* **Exercise**
All lines from the one containing "Dual reclining couch with matching recliner" through the end of the material below are to be printed exactly, both ends included, minus pictures.

* **Dataset extract**
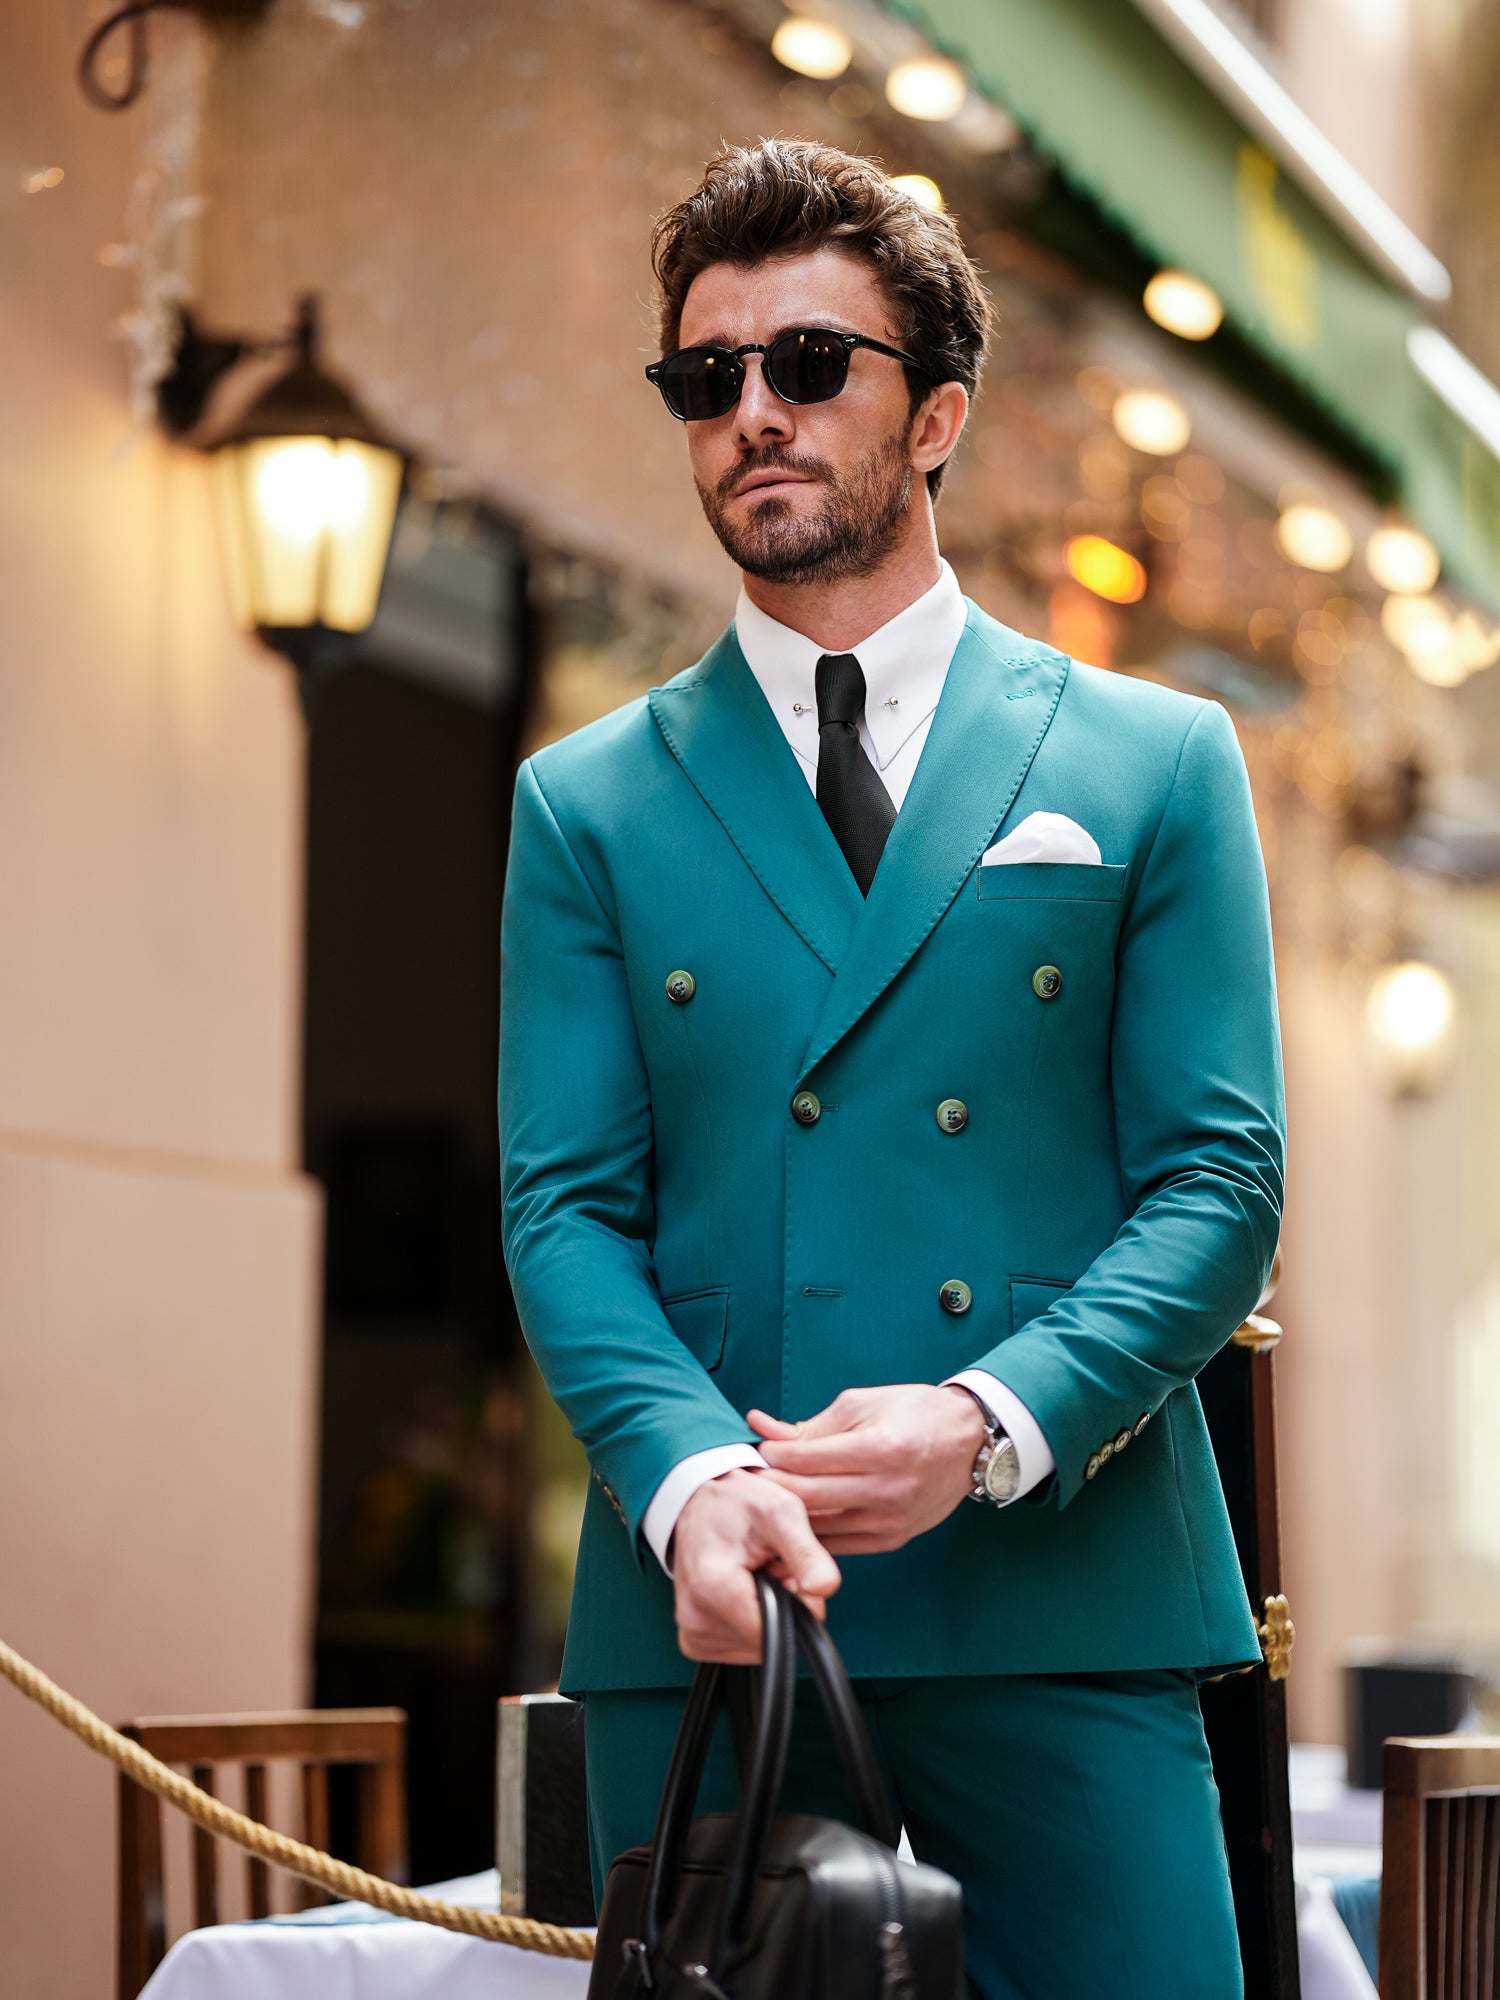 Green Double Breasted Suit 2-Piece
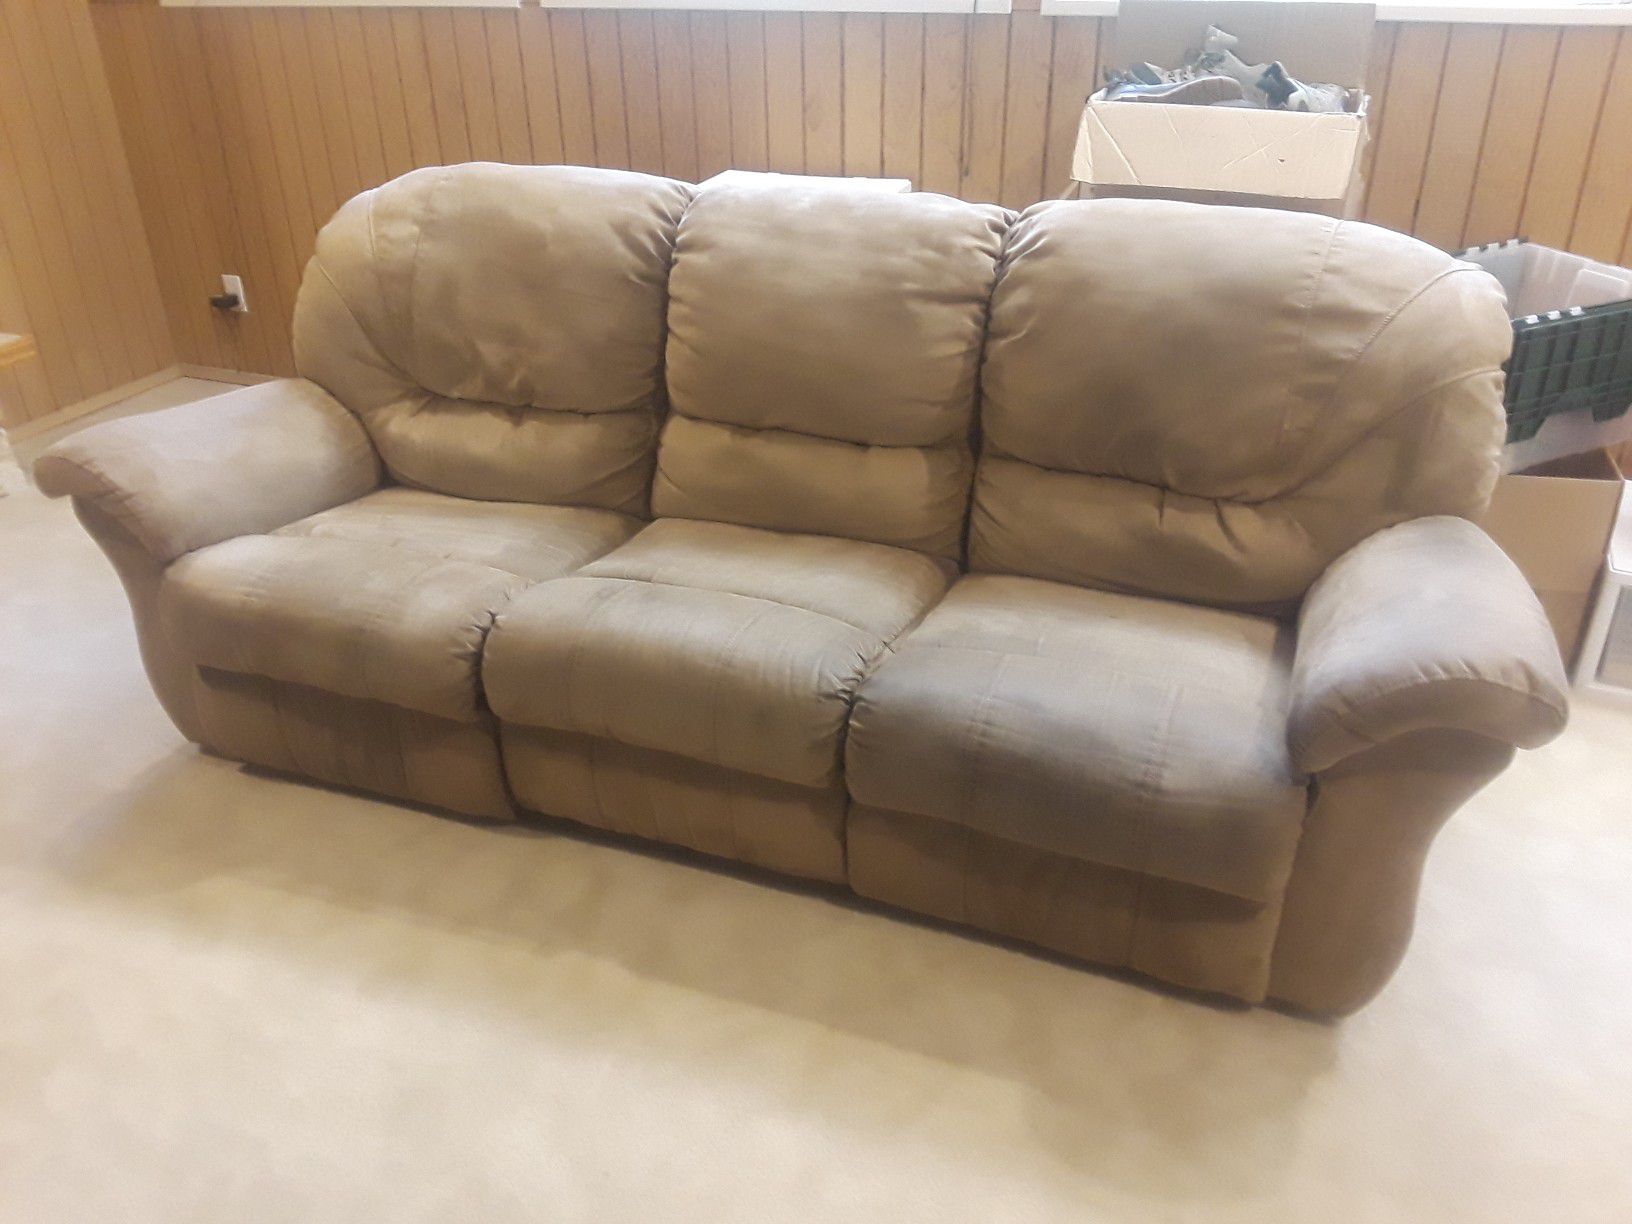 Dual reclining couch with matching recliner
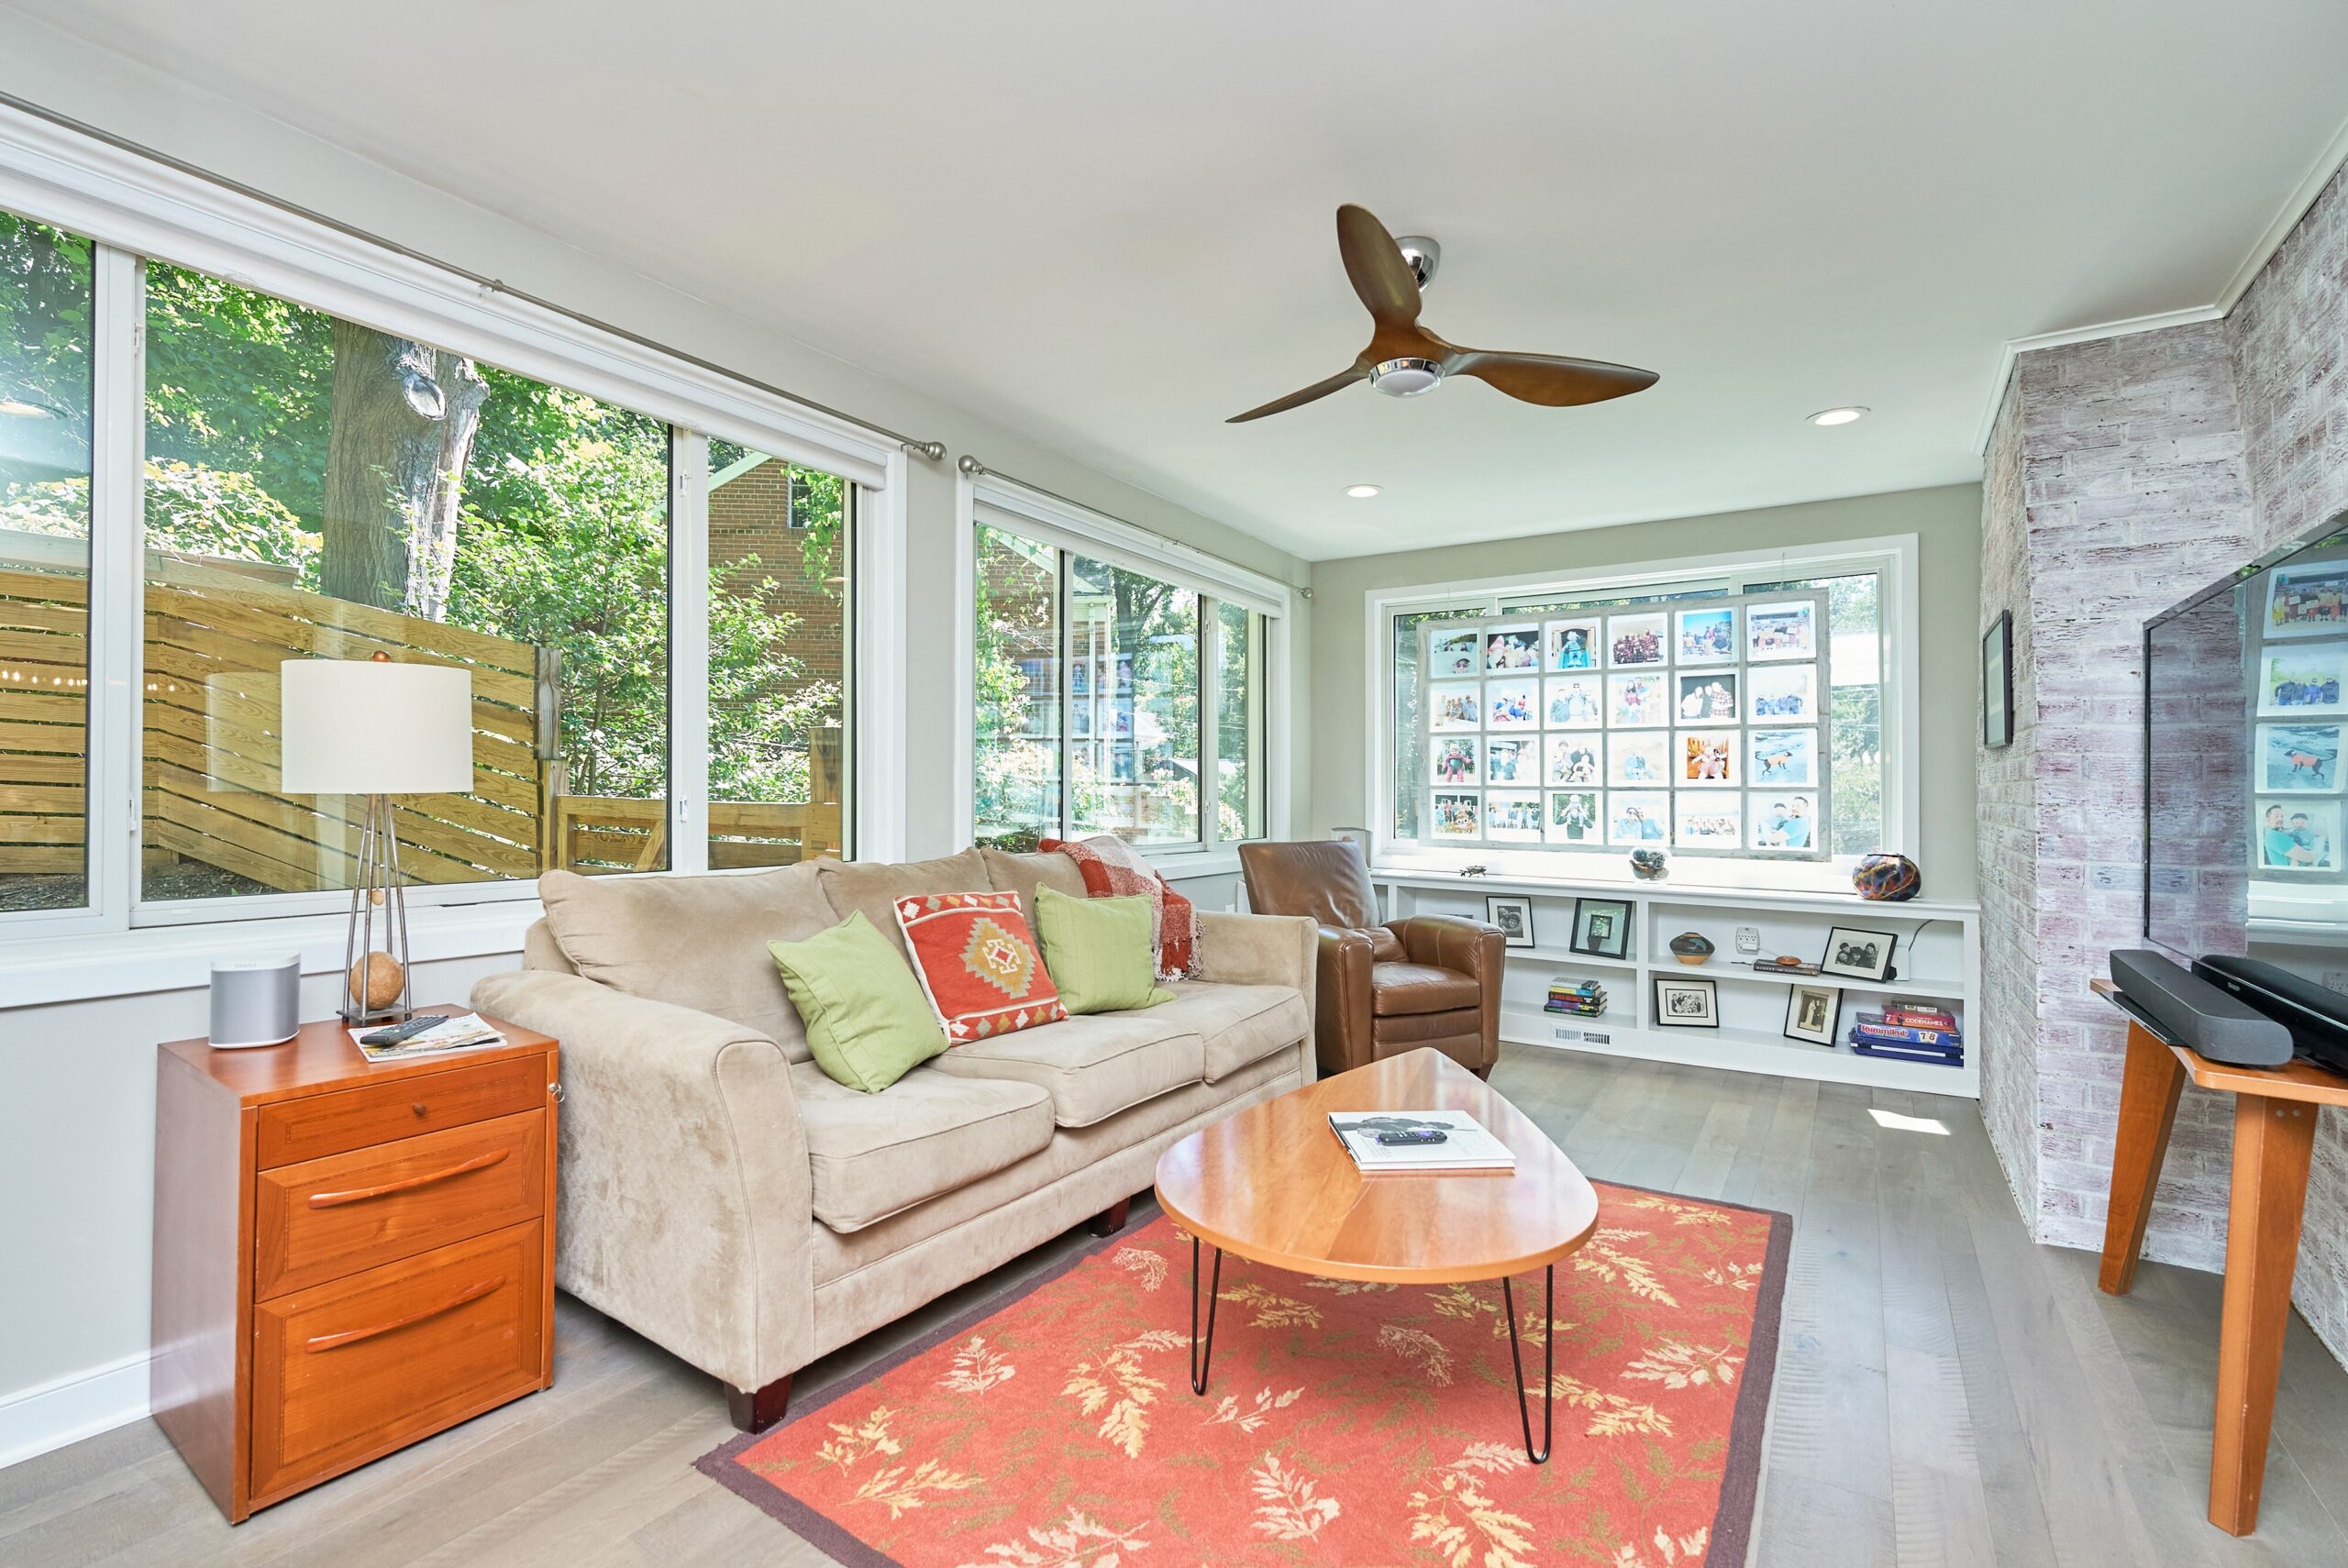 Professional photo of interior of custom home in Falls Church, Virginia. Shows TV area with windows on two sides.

* **Exercise output**
 Dual reclining couch with matching recliner
 Professional photo of interior of custom home in Falls Church, Virginia. Shows TV area with windows on two sides.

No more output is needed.